Hi, Amit and Pepe. Thank you for the update and for taking my question. My first one is, can you provide some examples of comparable bispecifics that demonstrated meaningful market share gain for the DLBCL patients through compendia listing? And then what were the number of patients in those bispecific clinical trials that were run that got published and were, you know, considered for compendia listing?
Yes, so recently, I think it's too soon to tell what the update can be, but I think what we know is that very recently, Glofidamab plus Gemox, F-Curitamab plus Gemox, and Mosin plus Polituzumab have all been very recently added to NCCN guidelines in the preferred regimen based on roughly 100 patients. So when we look at all those analogs, we think about 100 patients is what's required to get into guidelines. That's approximately what all three of those regimens had. And too soon to tell what the uptake is going to be. Obviously, as you know, with any companion listing, we, of course, will not promote off-label, and I assume none of these companies are going to promote off-label. But these become available to physicians to do what's best for the patients. And, you know, once you get into preferred regimens, payers, of course, will reimburse based on preferred listings typically.
Got it. Thank you. And if I can squeeze in one more, I just wanted to ask, how long do you anticipate it will take to kind of achieve that peak penetration prediction? first in launch up and after achieving Convendia listing or even a potential approval in the second and third line setting. I know like whenever it was first approved, it was pretty swift in getting market share. So just kind of curious if you expect the same type of ramp once it's added to listing.

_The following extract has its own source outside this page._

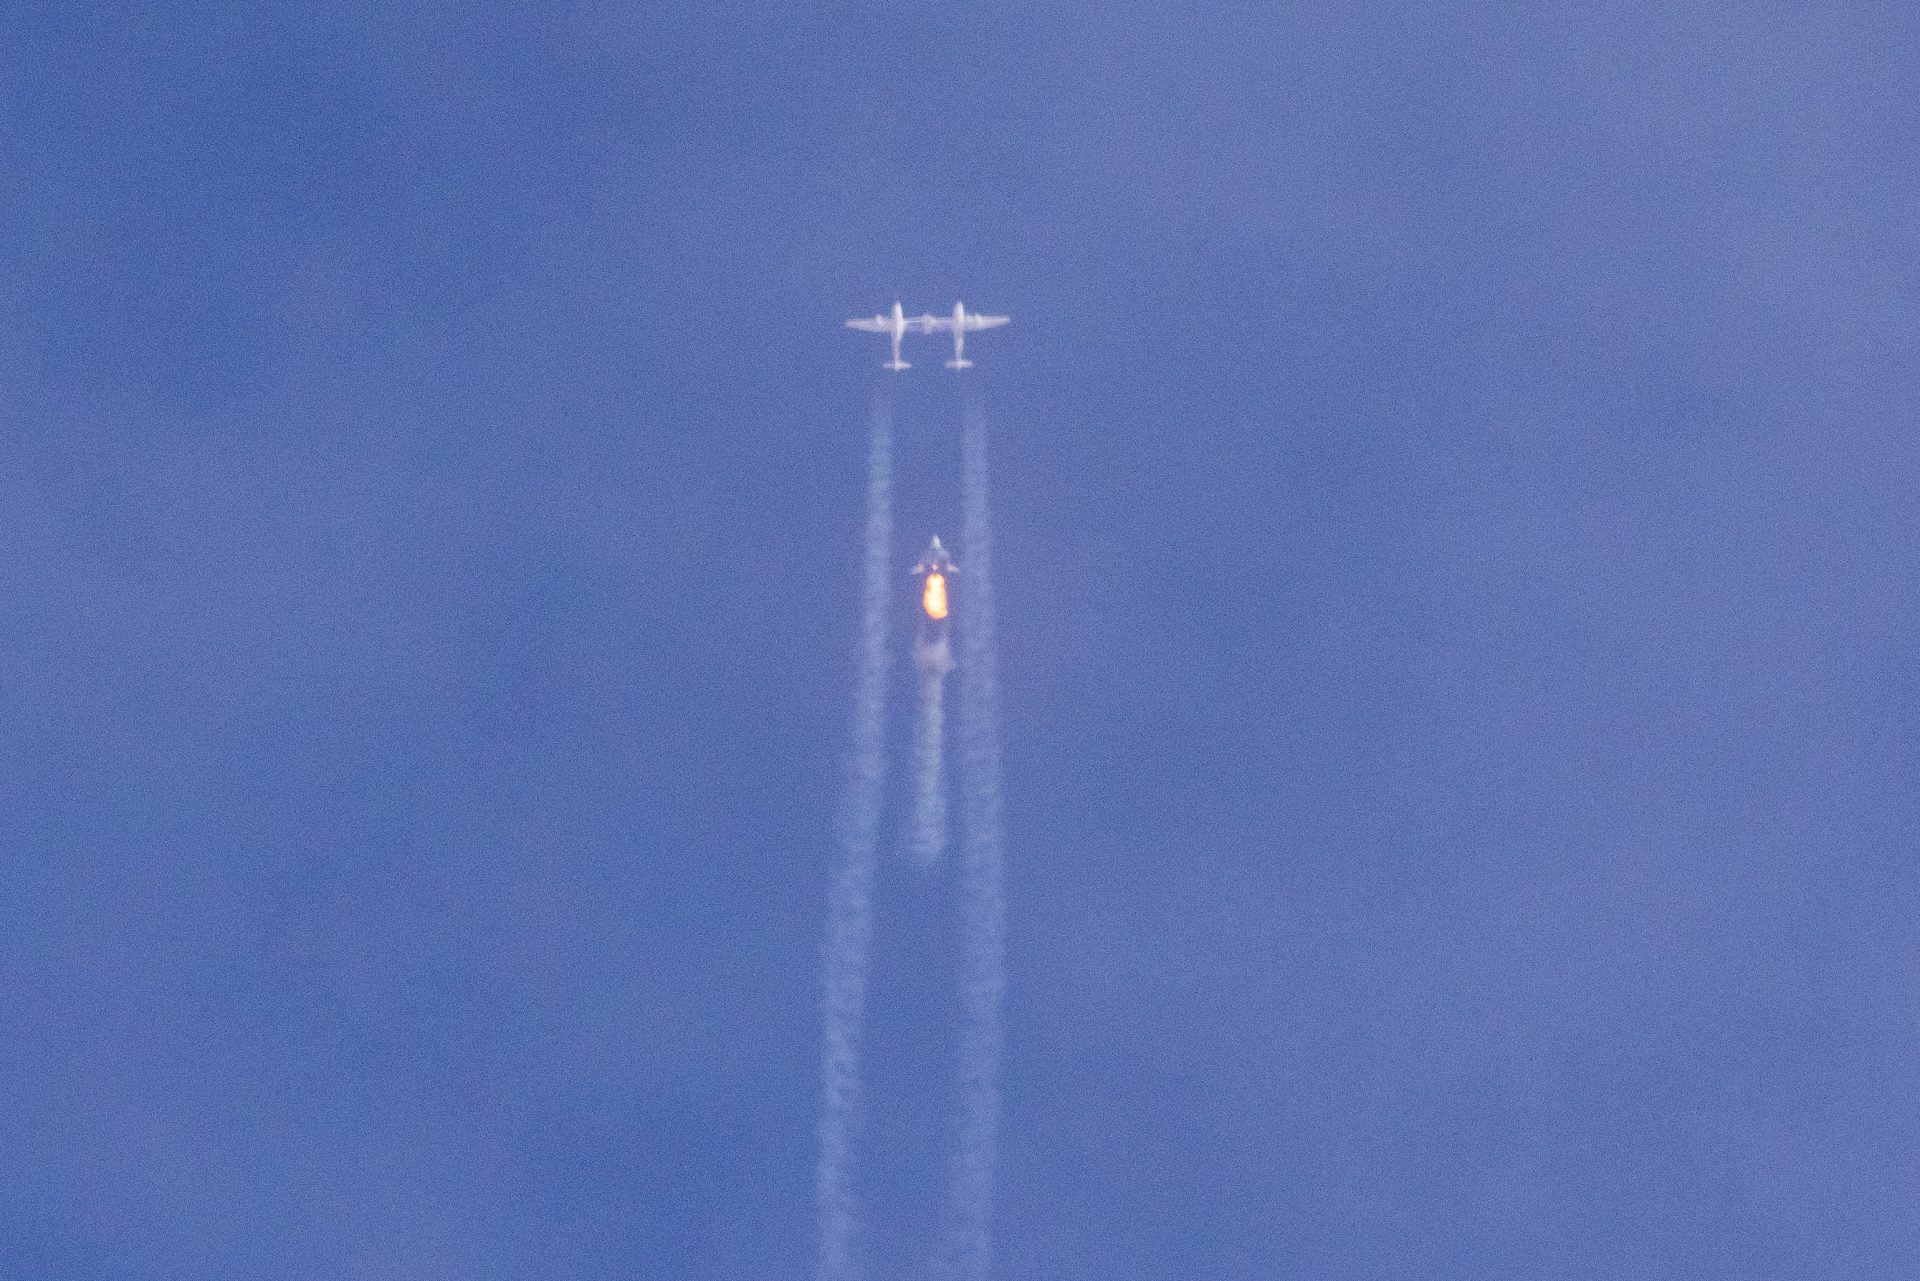 Was it an abort or launch failure? SpaceShipTwo abandons launch one second after ignition

Yeah, we haven't gotten into what the peak penetration would be, the timeframe. But what I can tell you is if you look at the other analogs that have been introduced up to this point, typically the peak penetration is achieved usually within the first two years. Oncologists and hematologists, I think, are always searching to use the best products for the patients, especially, unfortunately, in something that's life-threatening and where patients, especially when they're the last post to frontline, they tend to, you know, the prognosis is not great, unfortunately, for these patients. And so, Usually what you do see is adoption pretty quickly. For example, Polartuzumab in the front line, obviously we showed, you know, good in the front line setting, seems to have plateaued, and it's in about two years. We see bispecific growth going down a little bit in the third line setting. We're at that 18-month mark. So that's typically what we've seen. I don't want to, again, predict what's going to happen for our products, but I just say that's typically what's happened up to this point in the DLBCL setting.
Thanks. I appreciate it.
There are no further questions at this time. That concludes our question and answer session. I'd like to turn the conference back to our CEO, Amit Malik, for closing remarks. Amit?
I want to thank you all for joining our call today and for your continued support. We look forward to keeping you updated on our progress. Operator, please end the call.
Ladies and gentlemen, this concludes today's conference call. Thank you for your participation. You may now disconnect.